**GOAL OF THE EXERCISE:**
In the entries below, find the line containing "IQA-15 Sniper Rifle" and the line containing "Ergonomic chair for back pain". Copy those two lines and everything between them exactly, without the pictures.

**WORKING DATA:**
++++++++++

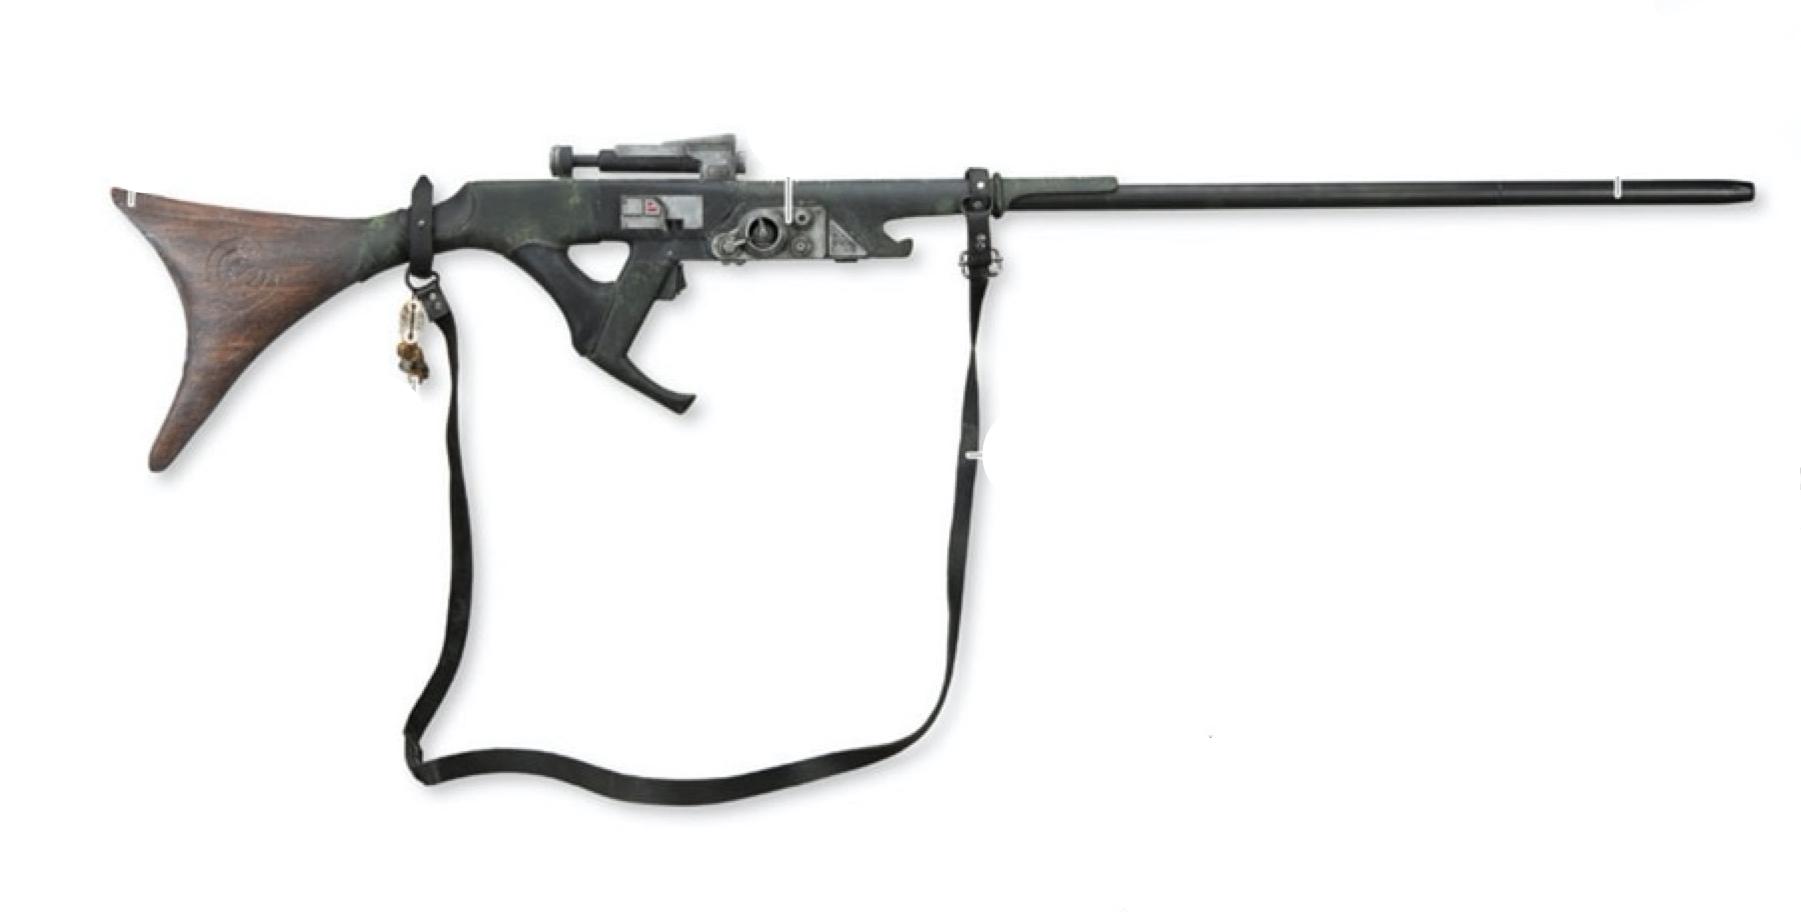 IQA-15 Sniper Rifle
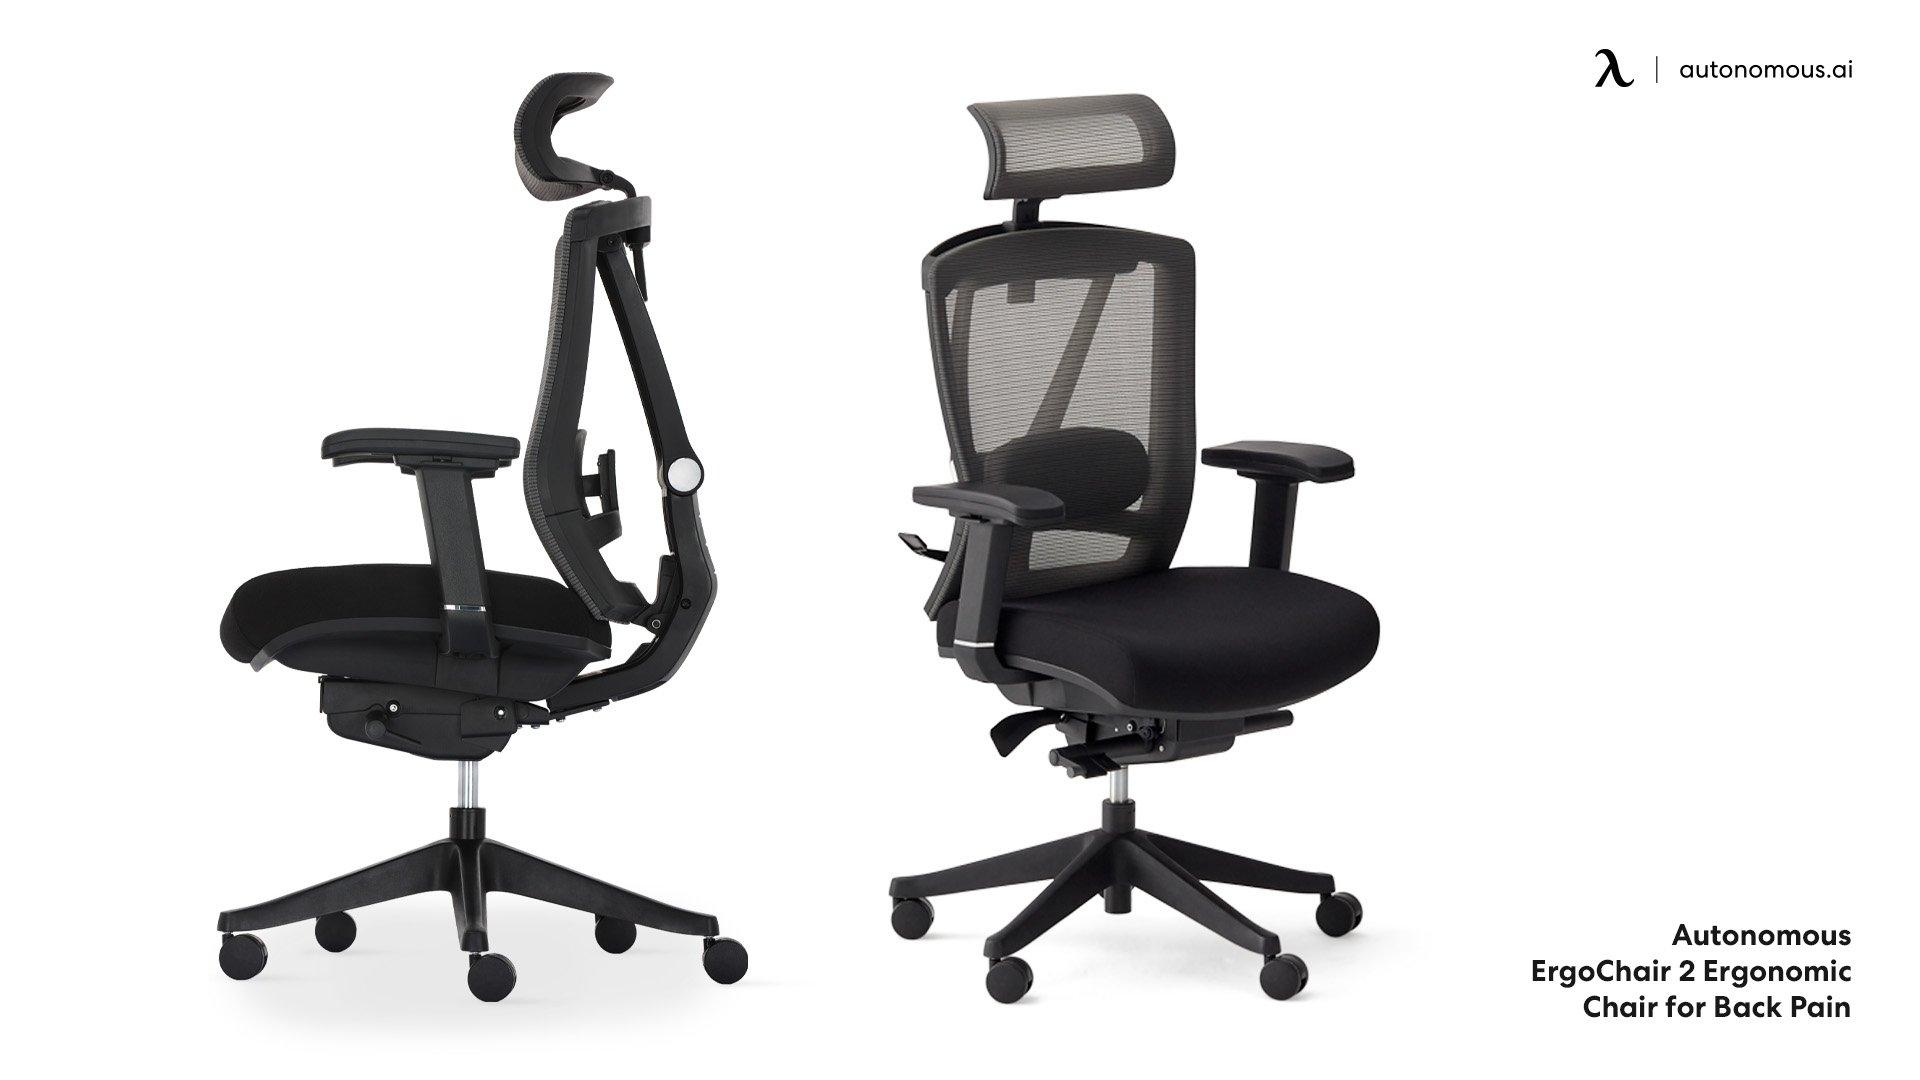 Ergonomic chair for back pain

++++++++++

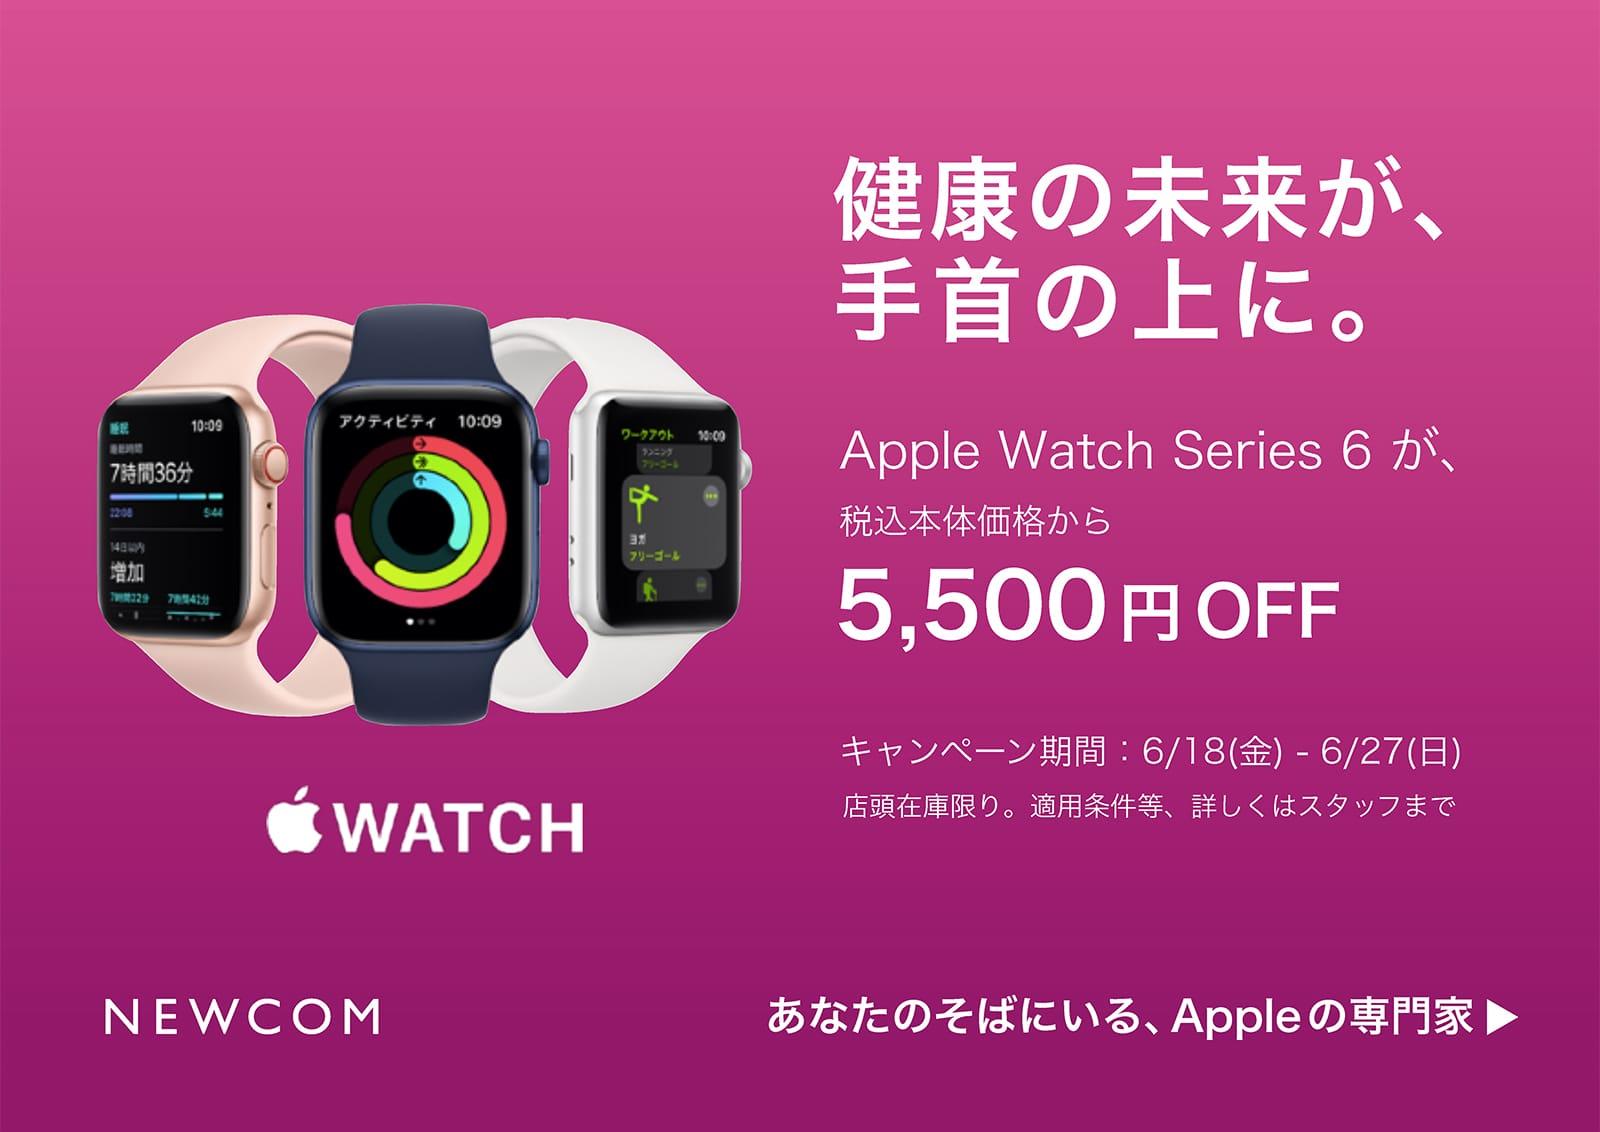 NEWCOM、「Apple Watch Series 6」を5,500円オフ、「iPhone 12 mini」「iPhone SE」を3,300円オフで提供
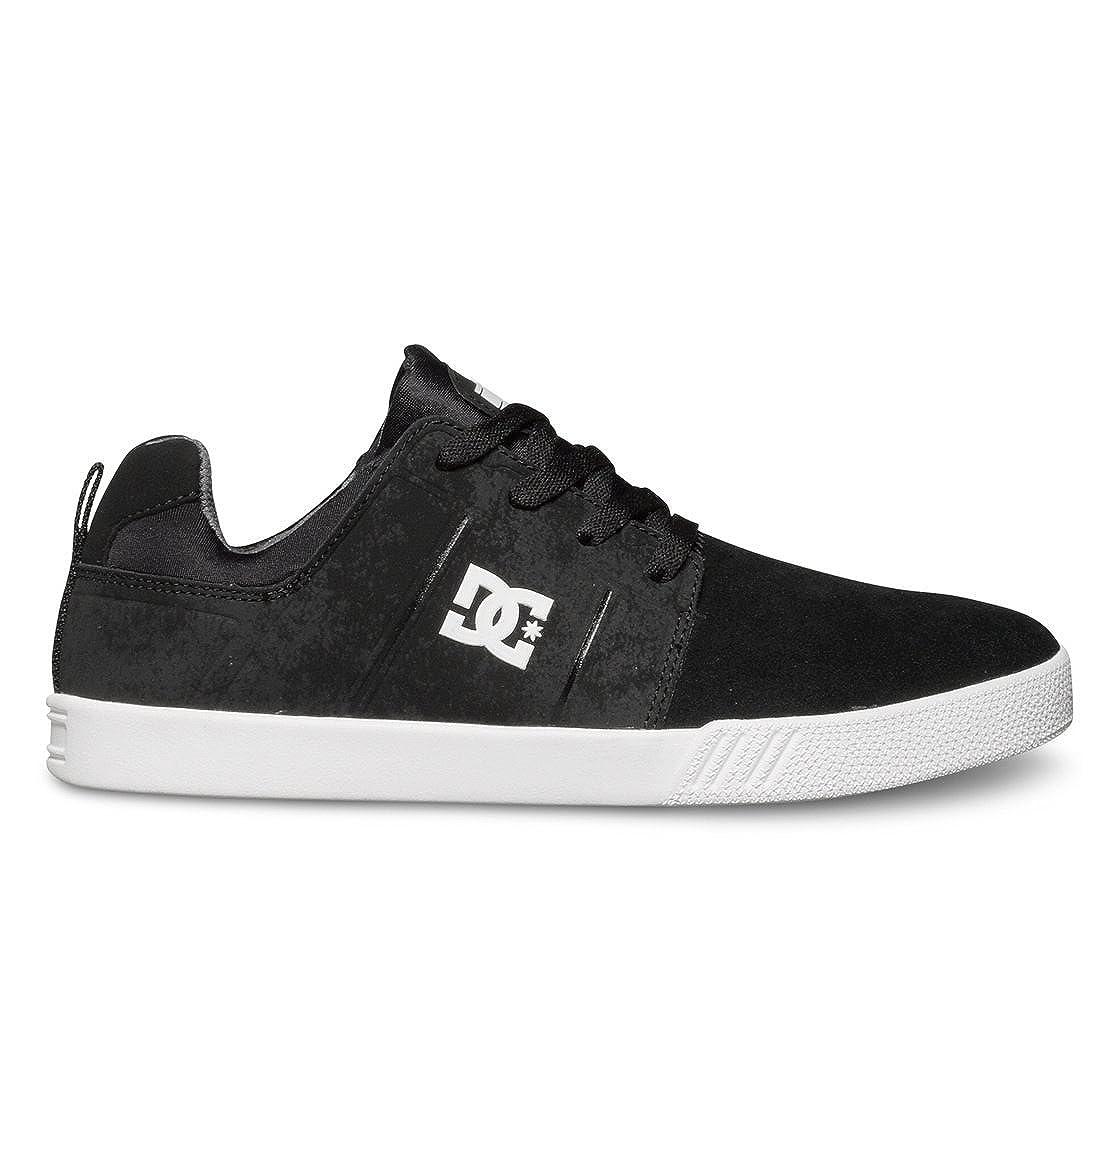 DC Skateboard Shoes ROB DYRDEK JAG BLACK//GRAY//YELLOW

++++++++++

**RESPONSE TO THIS TASK:**
 IQA-15 Sniper Rifle
 Ergonomic chair for back pain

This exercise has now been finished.